Incorporate the following four simple gestures into your interactions with potential clients to experience greater conversion success.

  1. Quick Response Times.
    If a potential client reaches out to you via email or by phone and doesn't hear back in a timely manner, she's going to move on to the next business. Wouldn't you do the same? Many businesses get so caught up in prospecting that they forget about common sense customer service practices. Endeavor to return a phone call or respond to an email in 24 hours or less. State this policy on your website, business card or communications to show customers you're serious. When possible, do your best to make this window of time even shorter. Clients will be impressed and won over by your diligence and the fact that you've stuck to your word.

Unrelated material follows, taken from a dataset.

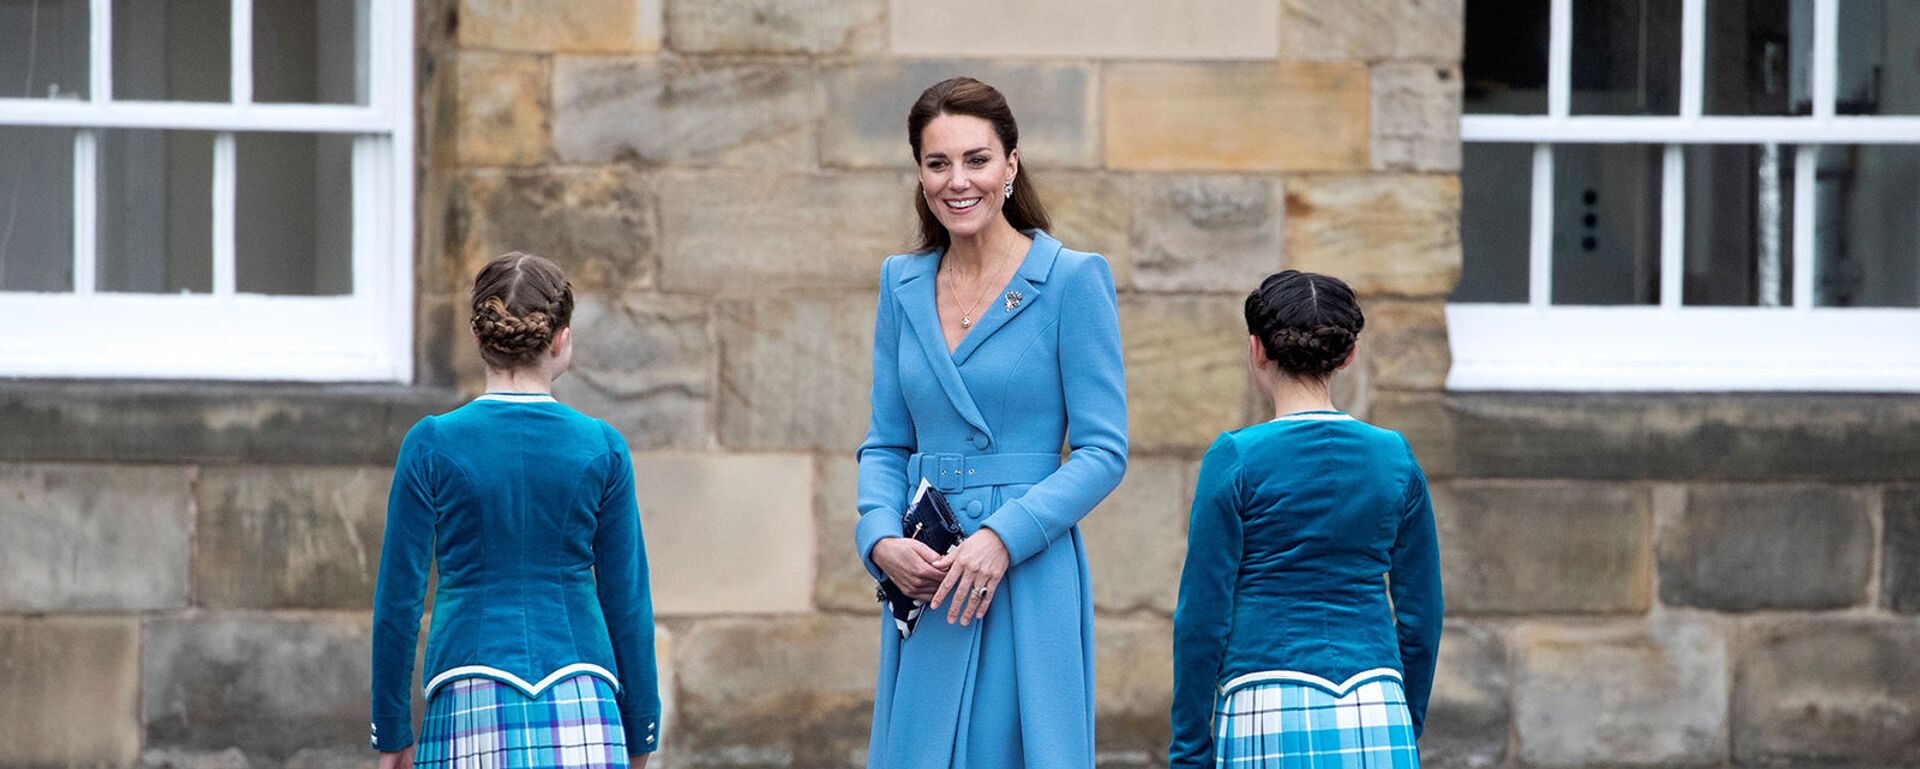 Кейт Мидлтон, герцогиня Кембриджская, встречает шотландских танцоров во дворце Холирудхаус (27 мая 2021). Эдинбург - Sputnik Армения, 1920, 28.05.2021

  2. Give the Gift of Time.
    The quickest way to lose a potential client is to make them feel rushed. Conversely, you can quickly gain clients and stand apart from the competition by making time to talk with and listen to your customers. As a busy customer care professional working toward greater business success, extra time can be a hot commodity. Build extra time into your schedule when you know that you'll be speaking or meeting with clients. The investment of time and willingness to truly listen to clients wants and needs will gain more clients for your business than hours of busy work.

  3. Learn About Your Clients.
    Once you've gained a new customer—winning their business over the competition—the next step is to learn more about them and their needs and likes. If you regularly visit a particular coffee shop or bakery, you've likely seen this small gesture in action; isn’t it nice to have the barista address you by name or have the baker let you know that he's got that special muffin your daughter likes? Get to know your client as a person; this can actually help you serve their business needs more efficiently and effectively.

  4. Be Genuine.
    Phony friendliness and a half-hearted show of interest might slip under the radar when prospecting for clients. But once a client spends more time talking and working with you, she'll notice disingenuous behavior right away. Be genuine, be real, don't make promises you can't keep or say things you don't mean. Once clients catch on you'll lose credibility and trust, followed by the loss of their business. If customers can take what your words and actions at face value, they won't be interested when the competition knocks.